Skip to main content

Use shlex.split() to parse log files quickly

I wanted to parse some nginx log files, and I know I’ve done something like this in the past (possibly with Apache logs) – but I remember that involved quite a complicated regex for extracting all the components.

I stumbled upon an article by ksndeveloper with a much simpler trick: use shlex.split().

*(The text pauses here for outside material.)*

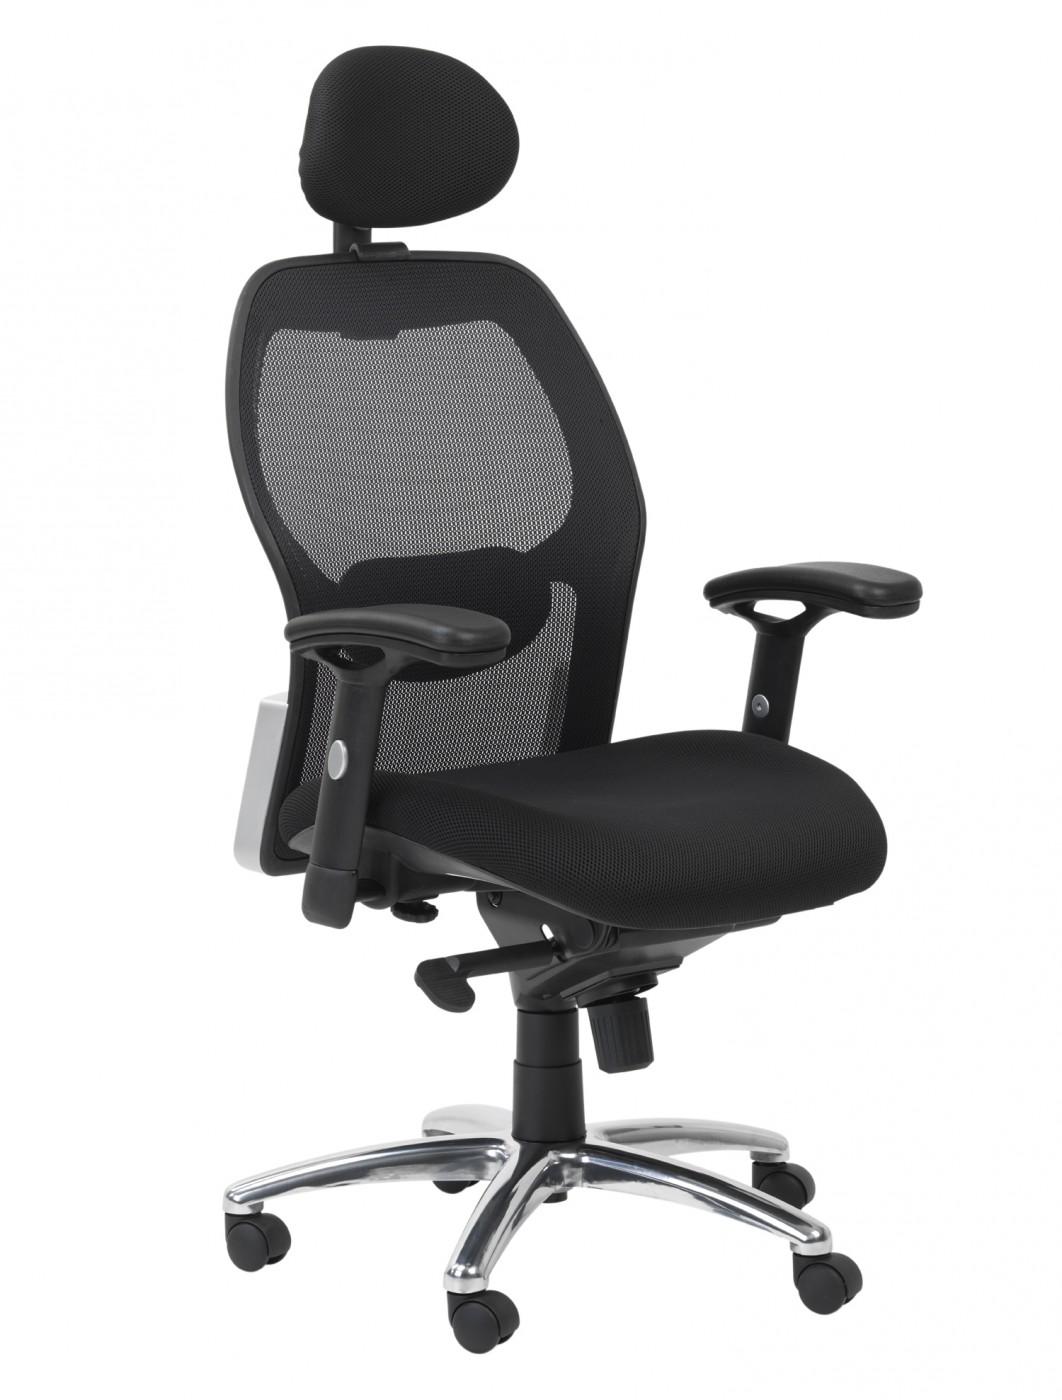 alphason portland executive chair aoc7301 m 121 office. Black Bedroom Furniture Sets. Home Design Ideas

Today I wanted to get a list of URLs from a set of log messages, which went as so:

>>> import shlex
>>> line = '127.0.0.1 - - [01/Dec/2023:12:08:23 +0000] "GET /page/with/error HTTP/1.0" 500 0 "-" "-"'

>>> shlex.split(line)
['127.0.0.1', '-', '-', '[01/Dec/2023:12:08:23', '+0000]', 'GET /page/with/error HTTP/1.0', '500', '0', '-', '-']

>>> shlex.split(line)[5]
'GET /page/with/error HTTP/1.0'

>>> shlex.split(line)[5].split()
['GET', '/page/with/error', 'HTTP/1.0']

>>> shlex.split(line)[5].split()[1]
'/page/with/error'

I haven’t tested this extensively, so I don’t know if it’s robust against larger, more complex log files, but it worked well enough for some quick analysis.